When I trained Ralphie to wear a backpack I put it on him, buckled it really quick, gave him some treats, and then took it off really quick. I repeated this a few times. He rolled over and stared at it, but no biting, and he learned pretty quickly that the backpack means long walks and lots of treats! I also just let him walk around the house with it for a while. Granted, he was 6 months old at the time and he may have worn a harness at his previous owner's.


----------



## BeeKay (Jul 11, 2015)

Lillith said:


> When I trained Ralphie to wear a backpack I put it on him, buckled it really quick, gave him some treats, and then took it off really quick. I repeated this a few times. He rolled over and stared at it, but no biting, and he learned pretty quickly that the backpack means long walks and lots of treats! I also just let him walk around the house with it for a while. Granted, he was 6 months old at the time and he may have worn a harness at his previous owner's.


Trying to put it on him results in him biting the crap out of me the entire time. When I finally do get it on him he just bites at it he is more interested in the harness than any treats I have.


----------



## Lillith (Feb 16, 2016)

BeeKay said:


> Trying to put it on him results in him biting the crap out of me the entire time. When I finally do get it on him he just bites at it he is more interested in the harness than any treats I have.


Could you wear gloves so his bites don't hurt? I feel like he will probably grow out of biting at the harness and you while you put it on. He might just lose interest once the novelty of the thing is over and begin to associate it with walks. Could you put the harness on, then take him outside and play for a bit so he begins to associate the harness with that life reward?

Would he play with toys or anything while the harness is on, or maybe focus on a toy while you are putting the harness on? Could you put bitter apple spray or something on the harness to discourage him from biting it? Just some other ideas...


----------



## Life With Atlas (Jan 6, 2008)

I can't help with the actual harness question, because surprisingly Atlas wasn't one to chew on me when I put it on. He also mostly ignored it when it was on, aside from scratching at it or rubbing his belly on the ground (which was pretty cute). 

BUT! Atlas also chewed on me for what seemed like every minute he could possibly manage, so brushing or clipping toenails was a challenge.

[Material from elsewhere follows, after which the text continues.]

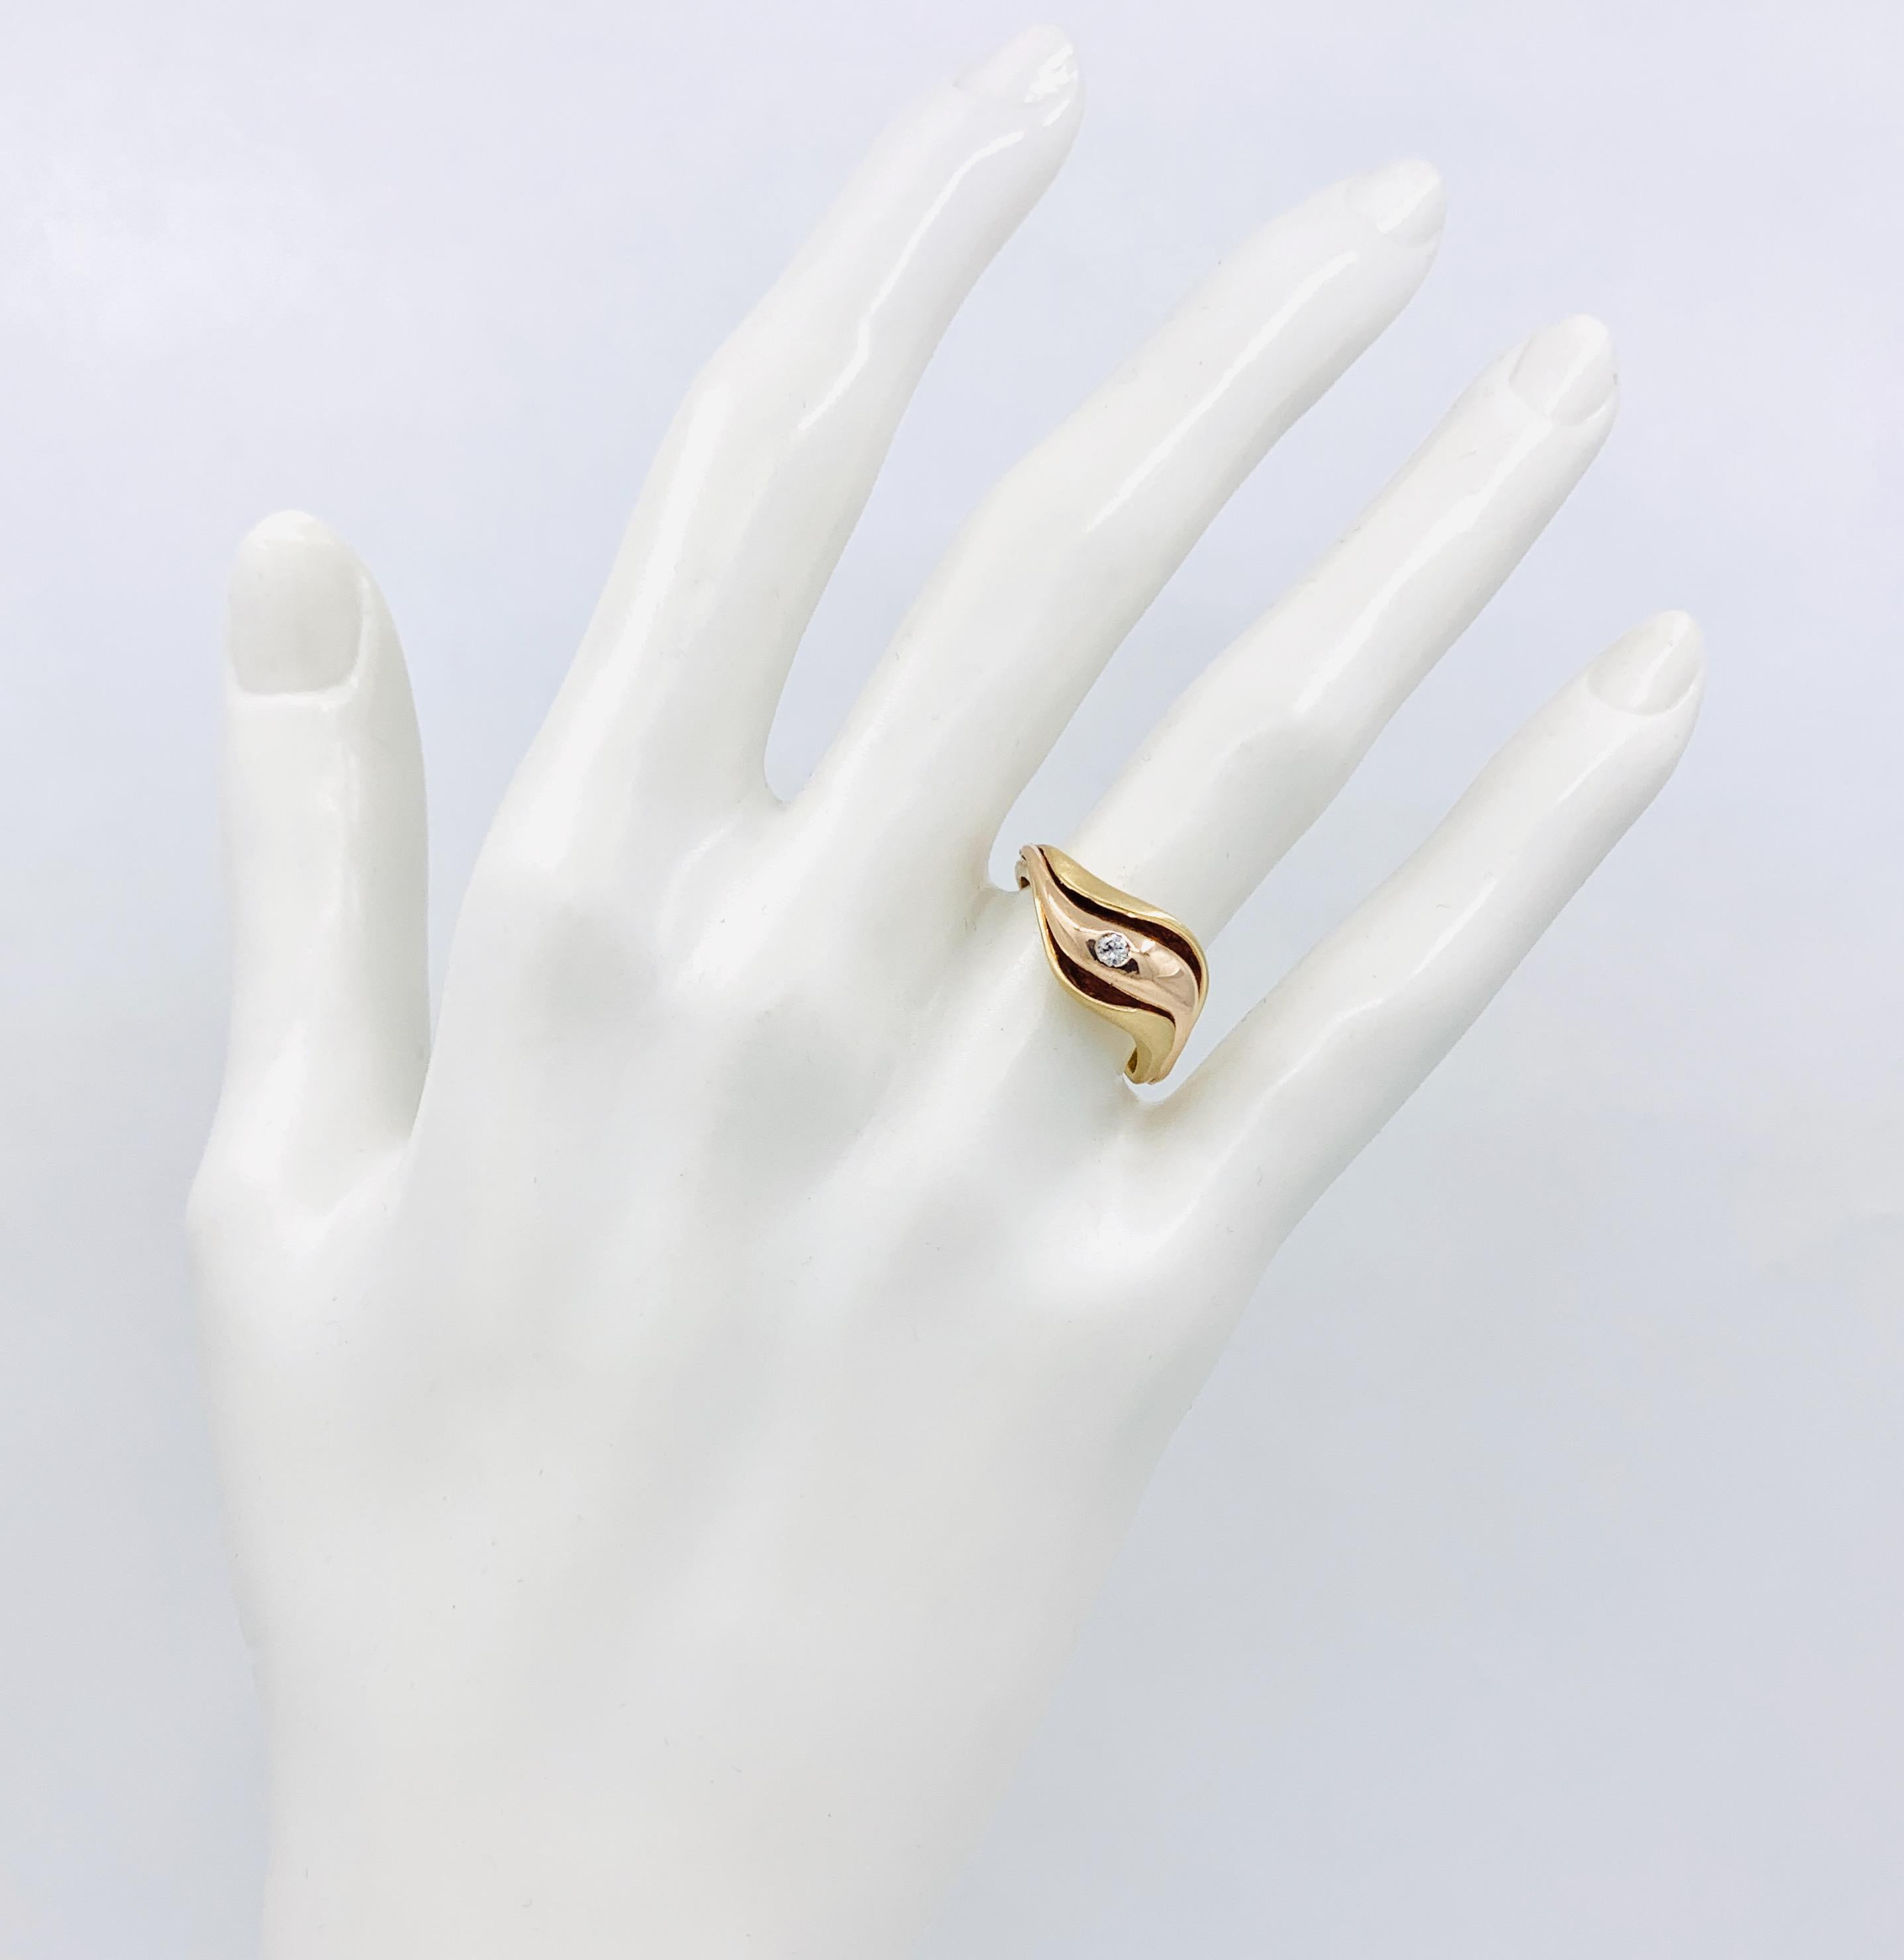 Dieser wunderschöne und sexy Ring von Eytan Brandes ist ein frei geformter Schlenker aus satiniertem, gebürstetem Gelbgold, der sich vorne anmutig öffnet und eine polierte Ranke aus Roségold enthüllt.  Ein 0,06-Karat-Diamant in Hammerschlagfassung

What I started doing was treating him for responding correctly (not biting me and laying calmly) and it worked extremely quickly. For toenails, I would take his paw and tell him to 'wait' (as it was a command he knew and meant 'pause') and then clip one nail and tell him 'yes!' and treat. He seemed to put together that not biting me and laying calmly meant more treats! He also seemed to quickly understand that once I started he would get more treats, so after the initial 'wait' I very quickly did not have to repeat myself, as he would wait expectantly for me to clip and treat the rest of his paws. (Now I can lay him down, clip an entire paw and then treat and he just hangs out as he knows that is the routine.) I'm just wondering if something like this might work for Ludo - if he's at all treat motivated, anyway.


----------



## FirstTimeDoggie (Aug 18, 2016)

My puppy did this exact thing! It drove us insane. As soon as we put it on him he would flop over and start gnawing on it. At one point he did some serious damage. Thankfully didn't chew all the way through but he easily could have. I would recommend using a very high value treat when putting it on - something he never gets. We used chunks of chicken hot dogs. One of us would have him sit and then hold the treat over his head while we put it on, treating him heavily if he sat through it without fussing. Then, we would immediately go on our walk, bring the treats, and treat him every time he acted calmly or every time he stopped chewing on the harness. We tried this with his regular treats and no dice. You have to bring out the big guns with persistent problems - if you're asking for something big, the reward has to be even bigger. He eventually got it and honestly I think he would have stopped on his own even without the treating once the novelty wore off. Now he has no reaction to the halter at all, thankfully! It was a huge pain!


----------



## gingerkid (Jul 11, 2012)

Please stop forcibly wrestling your puppy into the harness. The puppy doesn't like it, and you're just making both the harness and yourself seem scary (when people's hands come near, I have to wear the weird thing that I don't like).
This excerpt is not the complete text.